I could have sworn I'd written and posted this somewhere before, but various searches are turning up no sign of it, so I'll post it here.
There were lots of fallen leaves on the ground today, which reminded me (somewhat roundaboutly) of two incidents. Both of these are true stories.
Way back in March of 1998, I was driving along on the freeway when I encountered a tricky and unexpected situation. I don't remember what it was at this point, but I think it involved needing to get out of someone's way and having only a narrow gap in traffic to work with. But I navigated through it with grace and ease. I was so pleased with myself that I started singing a song that I learned from a Short Sisters tape; it includes the line "To see when Way opens / takes a little gracefulness."

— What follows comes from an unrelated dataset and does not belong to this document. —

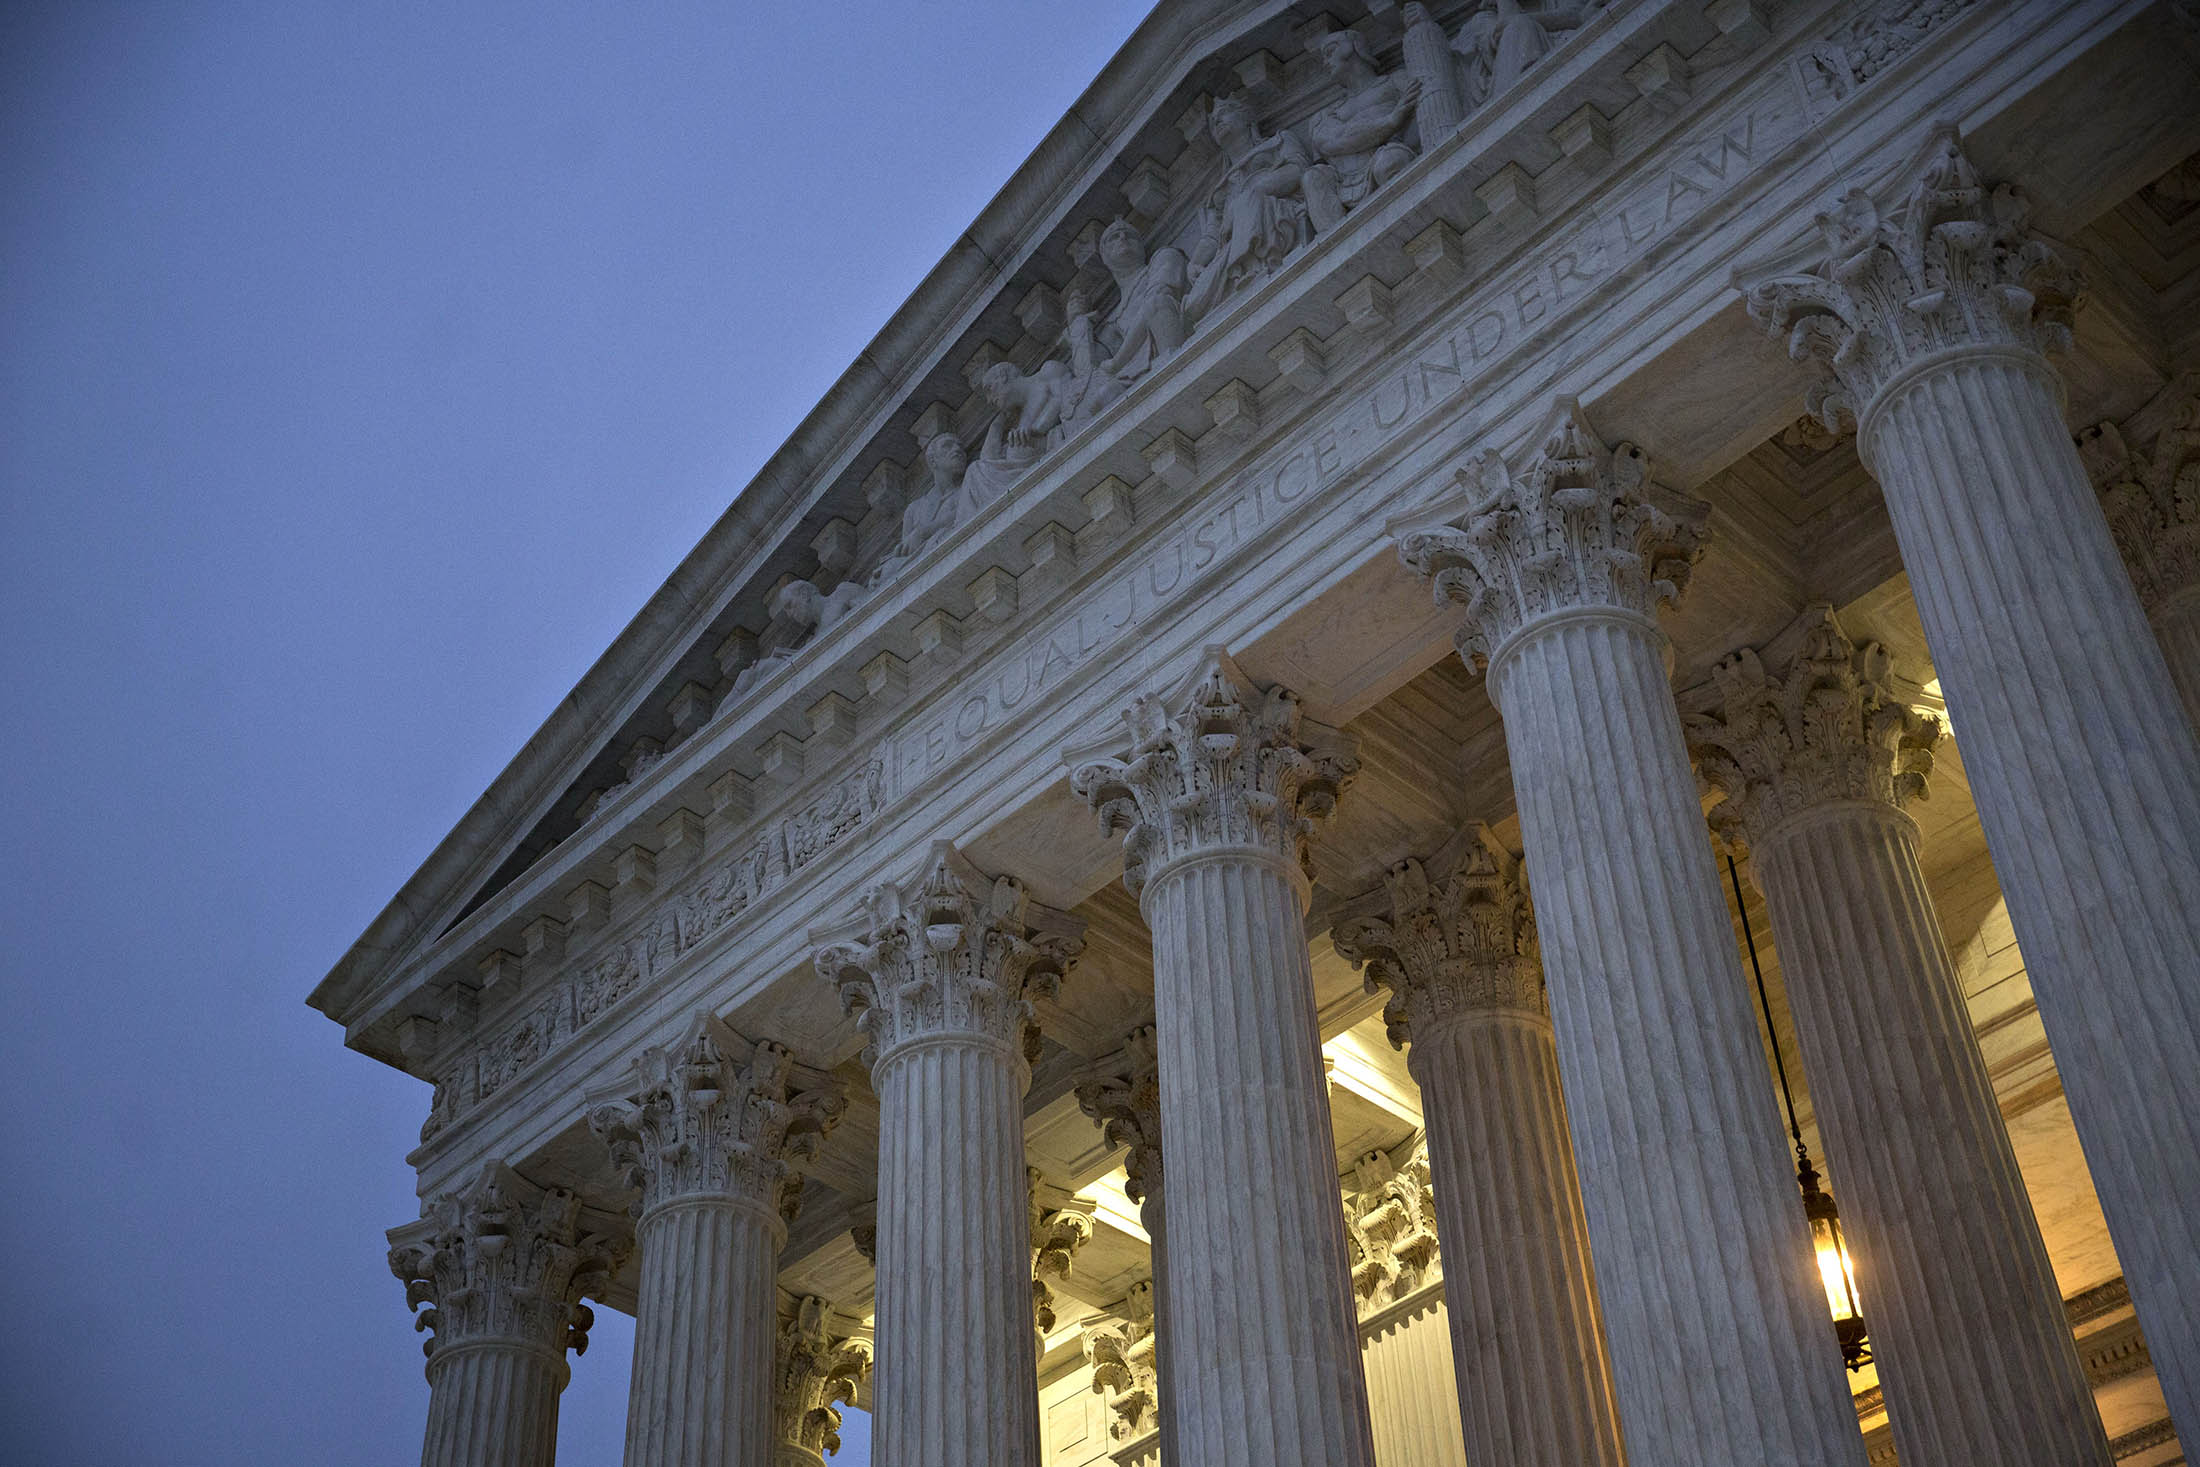 The U.S. Supreme Court building stands in Washington, D.C.

I finished singing that line.
And then I looked up . . .
. . . and realized that I had missed my exit.
I decided ruefully that I really ought to change those words to ". . . takes a little mindfulness."
Some years back, I disremember when exactly but the season was autumn, I attended a writing workshop meeting at Susan L's place in Menlo Park. I went into the house, and as we were sitting around chatting and waiting for the rest of the workshoppers to arrive, I wistfully thought to myself that it was too bad I wasn't out East around about then, because one of the few things I really miss about the east coast, other than friends, is the leaves turning brilliant red and other nifty colors.

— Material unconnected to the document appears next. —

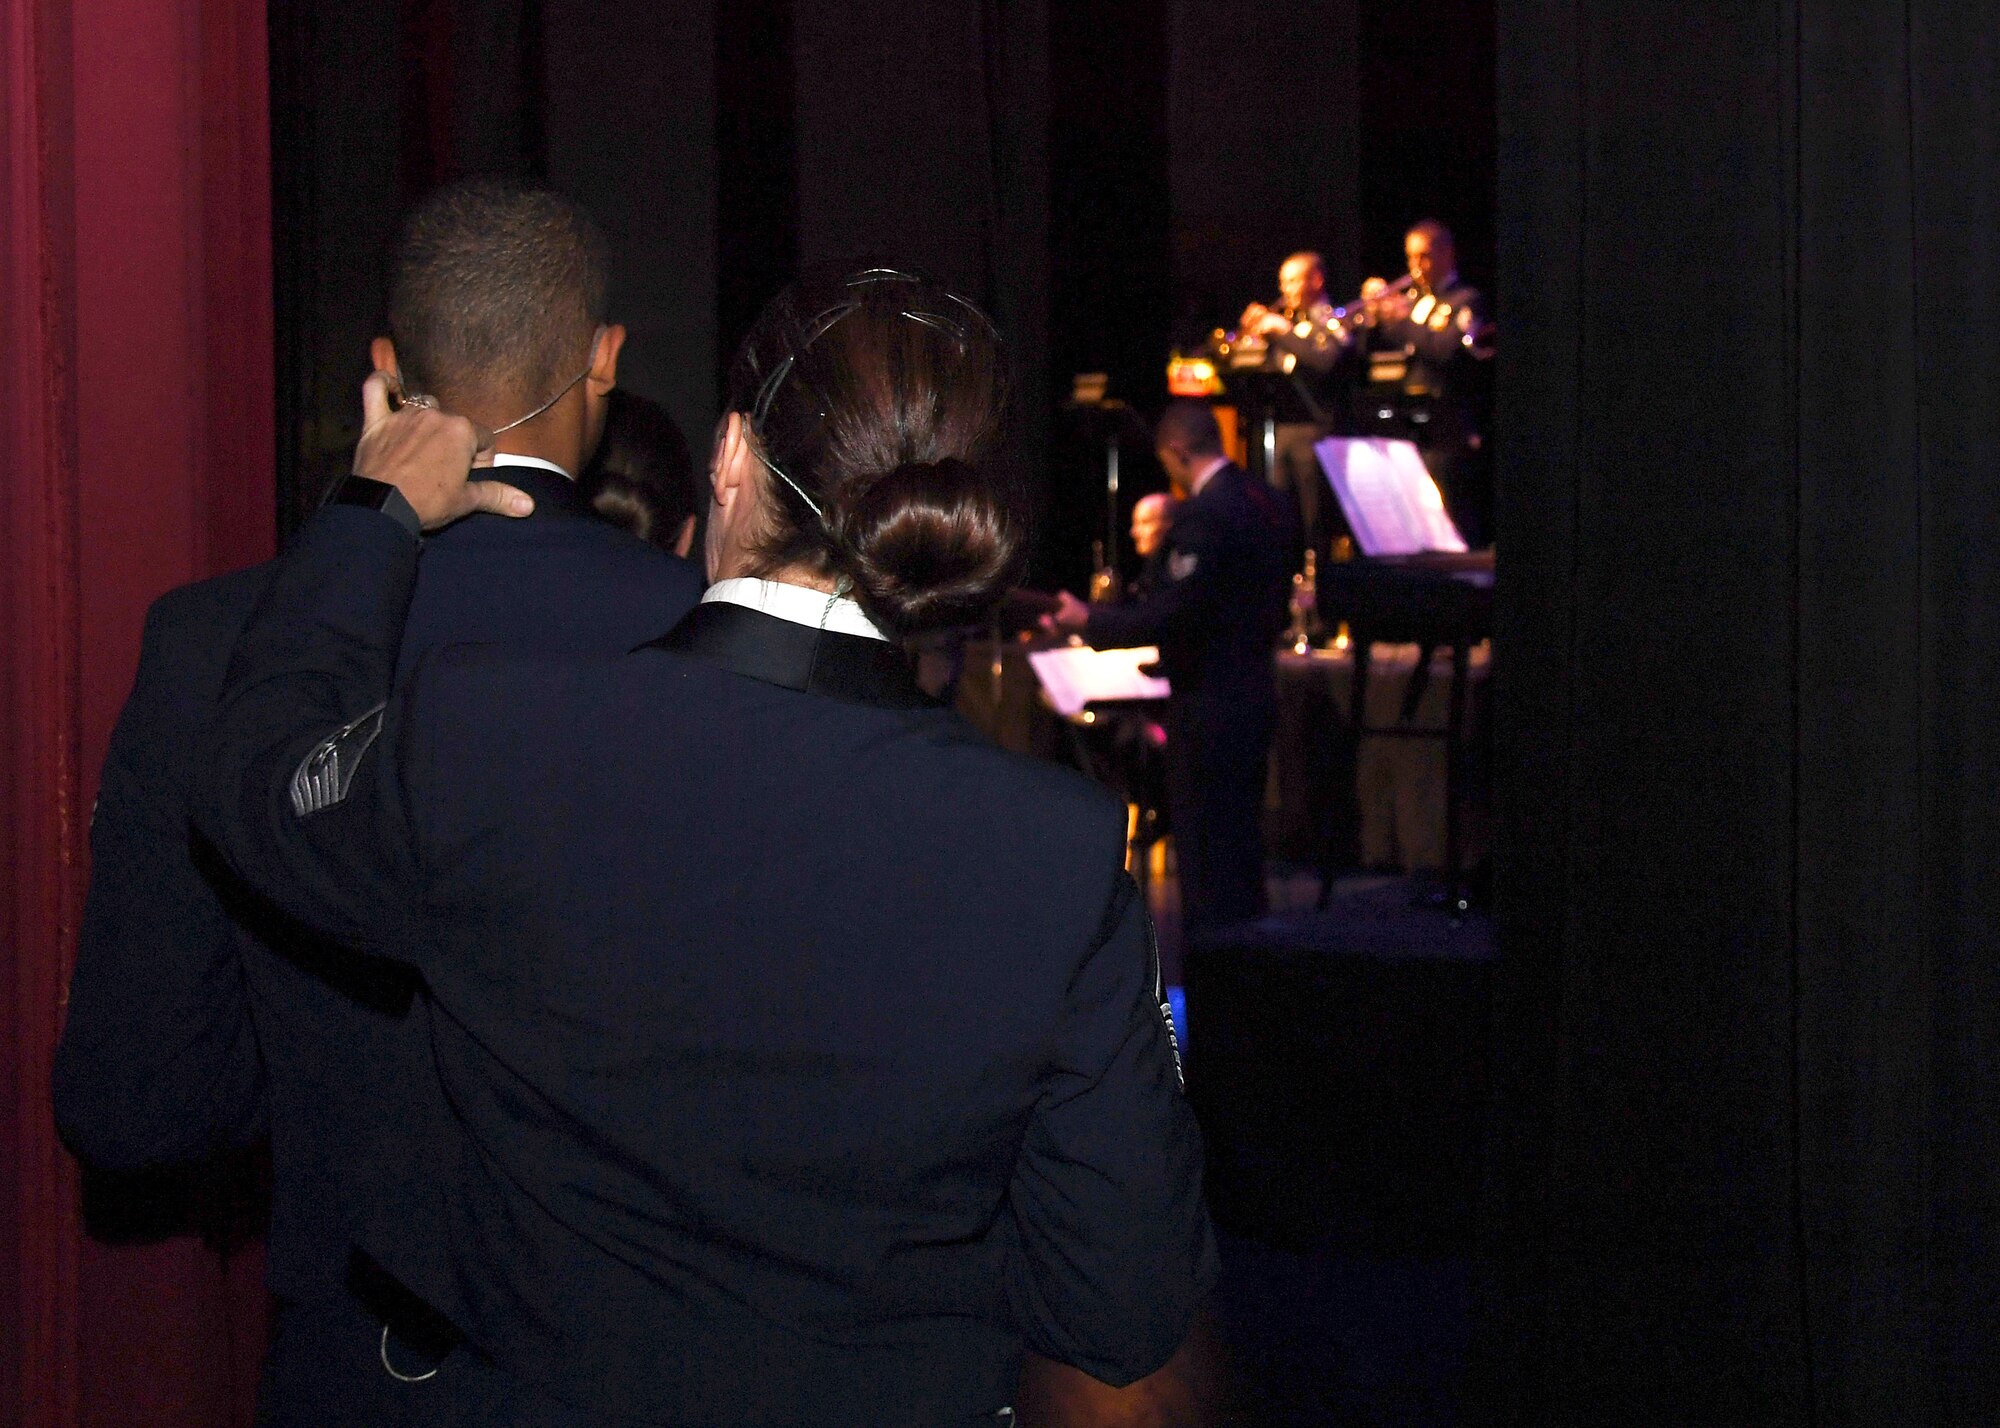 Master Sgt. Rebecca Wischmann, vocalist with the U.S. Air Force Heartland of America Band, adjusts Airman 1st Class Mario Foreman-Powell’s collar, a fellow vocalist in the band, prior to heading onstage for a concert November 6, 2018, at the Chester Fritz Auditorium in Grand Forks, North Dakota. The Heartland of America Band held a special Veterans Day performance to commemorate and celebrate all service members, past and present. (U.S. Air Force photo by Airman 1st Class Elora J. Martinez)

Then Mary Anne arrived. She came in looking cheerful and happy, and she handed me a huge gorgeous red leaf.
I gaped at it.
Finally, I sputtered something like, "Where did you get this?"
She said, "Oh, they're all over the sidewalk outside, right in front of the house."
And at the end of the workshop, when I left the house, sure enough, there were big bright red leaves all over the sidewalk. I had been so busy pining for the red leaves out East that I had totally failed to notice the ones that were right there in front of me.
It was practically a parable.
I'll close my sermon for today with a quote from Jon Carroll from some years ago:
"Experience is useless without memory and mindfulness."